- _Provided data_

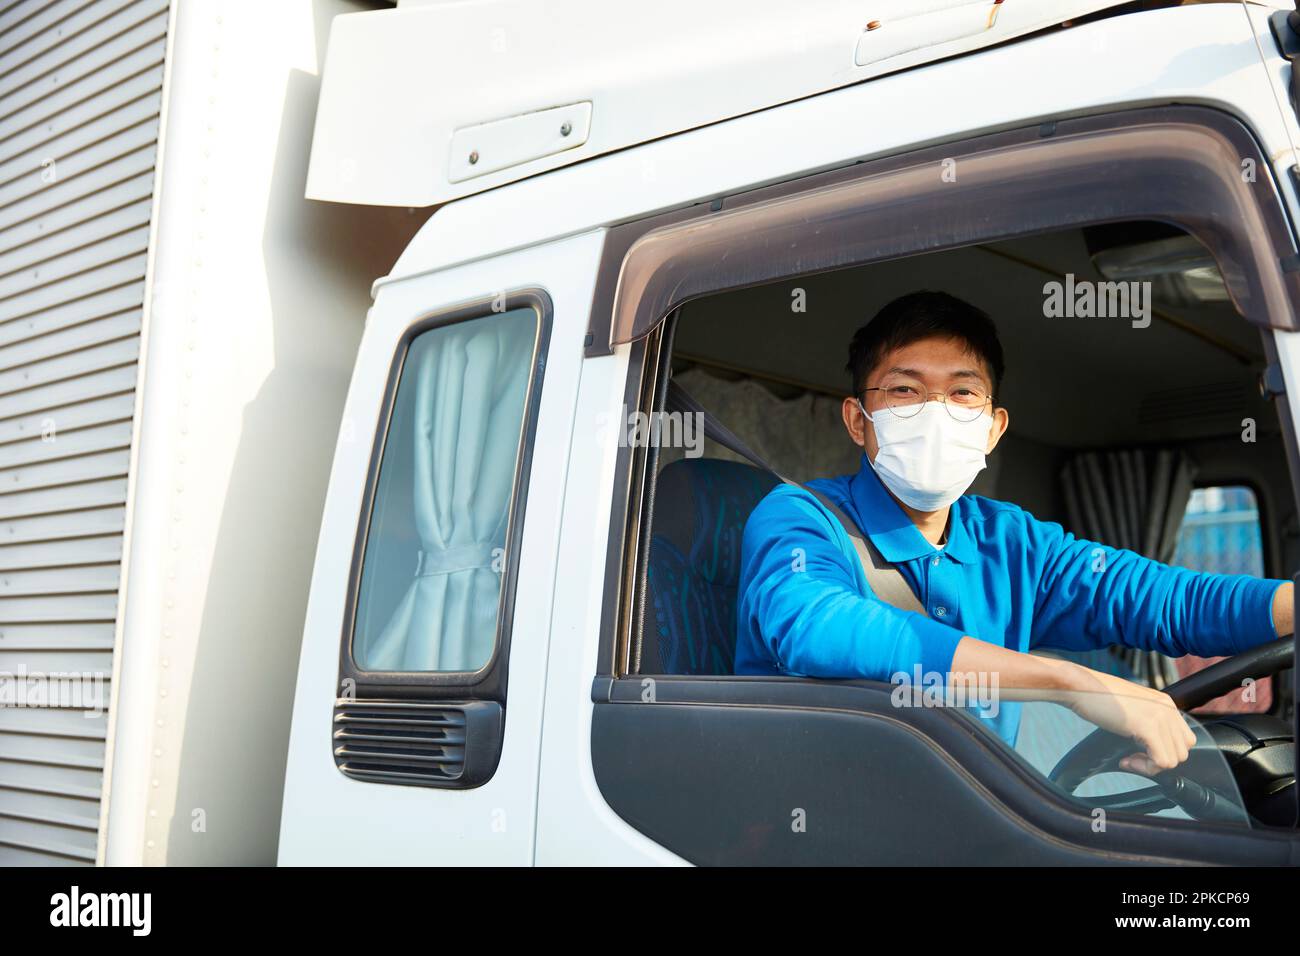 Homme dans les vêtements de travail et masque conduisant un camion Banque D'Images
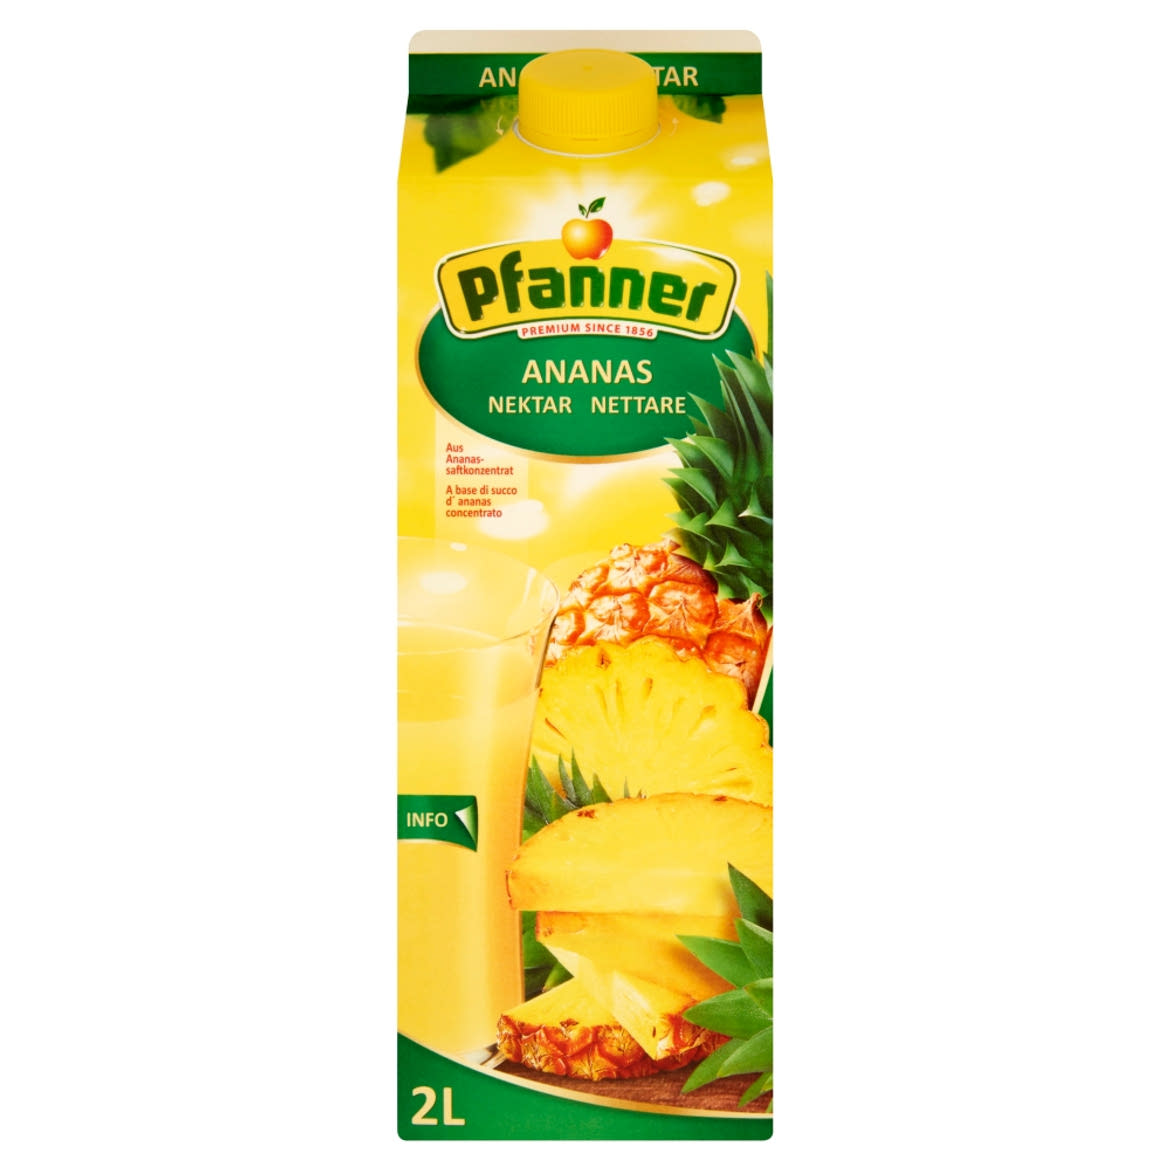 Pfanner ananásznektár ananászlé-koncentrátumból
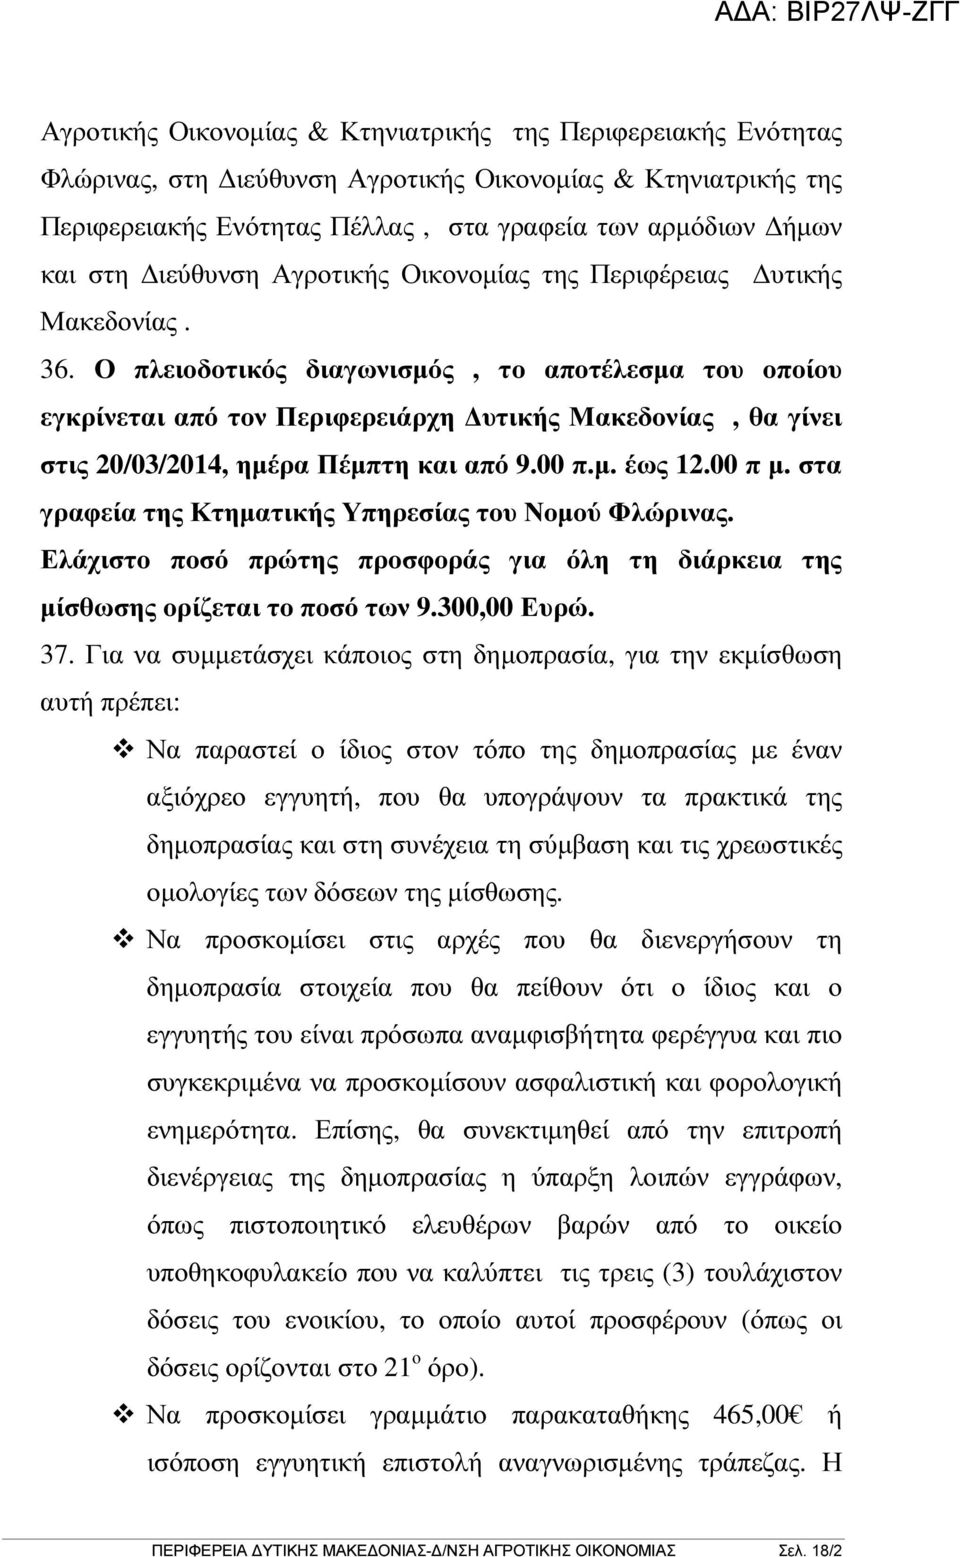 Ο πλειοδοτικός διαγωνισµός, το αποτέλεσµα του οποίου εγκρίνεται από τον Περιφερειάρχη υτικής Μακεδονίας, θα γίνει στις 20/03/2014, ηµέρα Πέµπτη και από 9.00 π.µ. έως 12.00 π µ.

- _Exercise goal_
Without including any picture, reproduce the material above word for word.

- _Written response_
 Homme dans les vêtements de travail et masque conduisant un camion Banque D'Images
 Pfanner ananásznektár ananászlé-koncentrátumból
 Ο πλειοδοτικός διαγωνισµός, το αποτέλεσµα του οποίου εγκρίνεται από τον Περιφερειάρχη υτικής Μακεδονίας, θα γίνει στις 20/03/2014, ηµέρα Πέµπτη και από 9.00 π.µ. έως 12.00 π µ.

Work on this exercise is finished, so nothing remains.